Altri analisti erano meno ottimisti.
“Le élite polacche sono arrabbiate e questo potrebbe diventare un punto di congelamento nelle relazioni”, ha detto ad Al Jazeera l’analista di Kiev Alexei Koch.
Credeva che i rapporti potessero essere ristabiliti solo dopo l’allontanamento dal potere ucraino.
Lui ha detto che il viceministro dell’economia Taras Kachka, che ha imposto il divieto sul cibo polacco, e il suo capo, Yulia Sviridenko, potrebbero essere tra coloro che dovrebbero essere licenziati.
Alcuni ucraini hanno considerato la disputa solo un errore temporaneo.
“Naturalmente, devono proteggere i loro agricoltori, proprio come noi dobbiamo proteggere i nostri”, ha detto ad Al Jazeera Volodymyr Sinitsa, un autista di autobus in pensione cresciuto in un villaggio nella regione centrale di Cherkasy, in Ucraina.
Ma alcuni hanno risposto con indignazione.
“Sono vendicativi. Ci accusano sempre di genocidio e di altre cose che non abbiamo mai fatto”, ha detto ad Al Jazeera Konstantin Davydenko, un soldato di 22 anni.
Ha fatto riferimento a quello che Varsavia chiama il “massacro di Volyn” dei civili in Polonia, occupata dalla Germania nazista.
Varsavia ha affermato che l’esercito ribelle ucraino che si schierò con la Berlino nazista per espellere i russi dall’Ucraina uccise fino a 100.000 polacchi e il loro massacro è considerato “genocidio”.

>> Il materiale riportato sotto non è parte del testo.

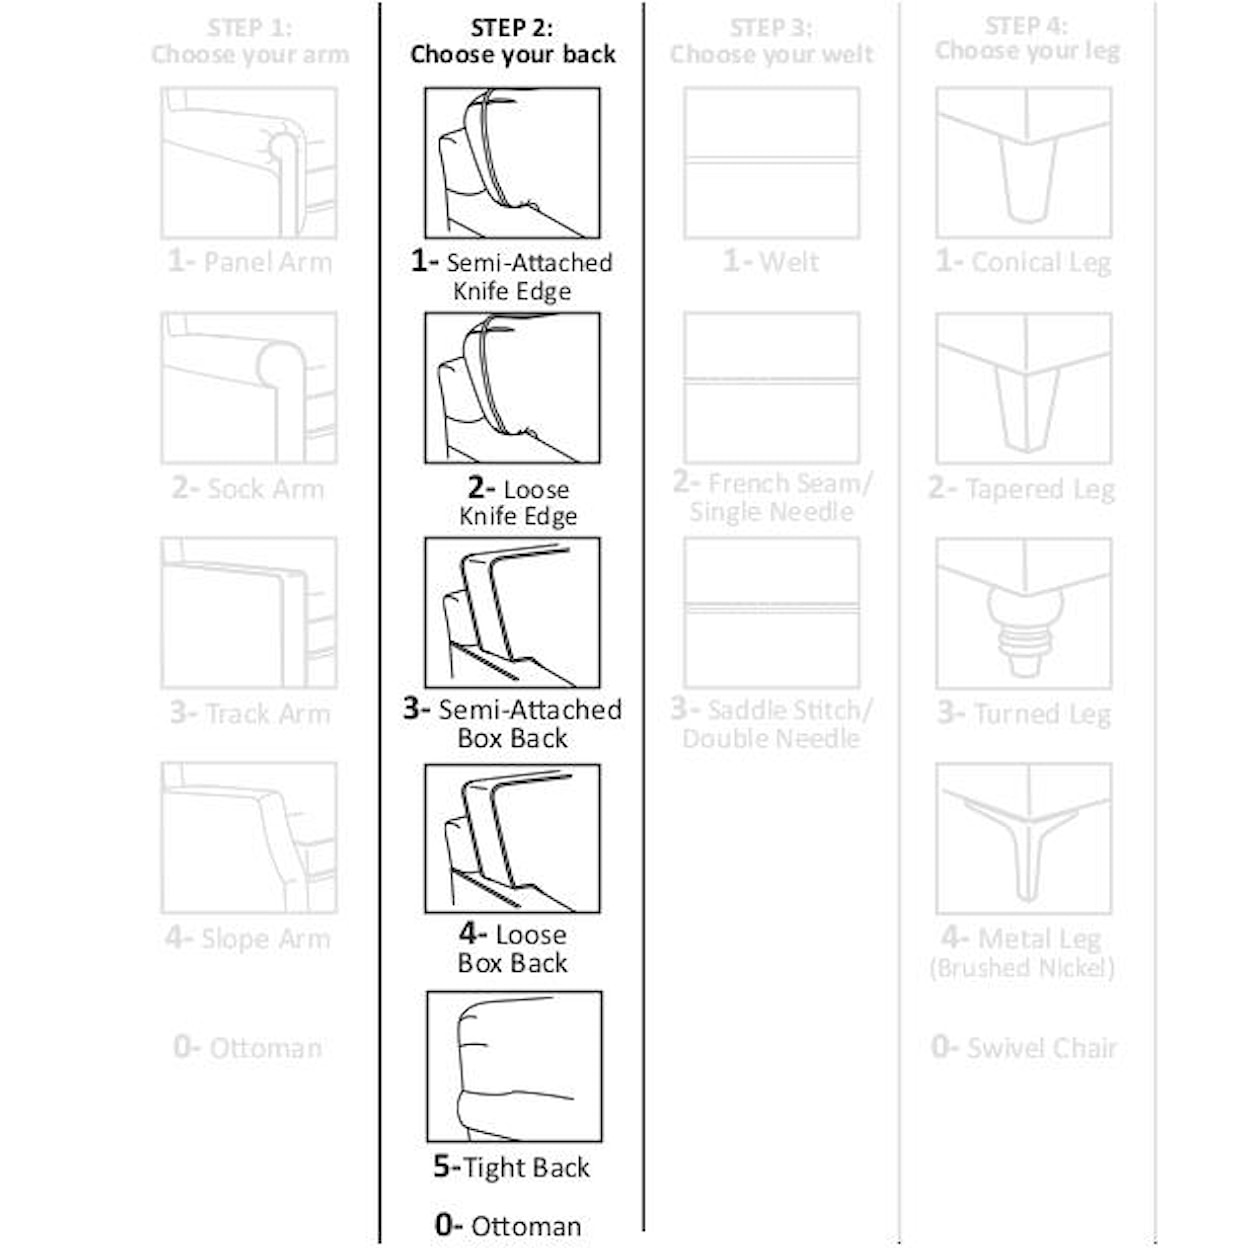 Craftmaster M9 Custom - Design Options Accent Chair

L’Ucraina, dove i principali leader dell’UPA sono celebrati come eroi di guerra e combattenti per la libertà, ha contestato il termine e il numero delle vittime.
Il massacro ebbe luogo nelle regioni della Volinia e della Galizia, che furono annesse dal dittatore sovietico Joseph Stalin e che ora fanno parte dell’Ucraina occidentale.
Dopo la seconda guerra mondiale, i polacchi rimasti lì dovettero affrontare discriminazioni.
Uno di loro era Felix, il bisnonno dell’ex rifugiato Vasilevskaya, che ha perso il lavoro come primario in un ospedale pediatrico nella città occidentale di Lviv.
Ha detto che è stato condannato a 10 anni nelle carceri siberiane ed è sopravvissuto solo perché “ha aiutato a riformare i criminali di carriera” che gli hanno dato cibo e sostegno dalle guardie carcerarie.
Crescendo, a volte sentiva insulti etnici che denigravano le sue radici polacche, ma sperava che l’aiuto fornito dalla Polonia agli ucraini durante la guerra avrebbe messo fine alle tensioni.
“Speravo che i nostri paesi potessero superare questa oscurità tra di noi. “Lo faccio ancora”, ha detto Vasilevskaya.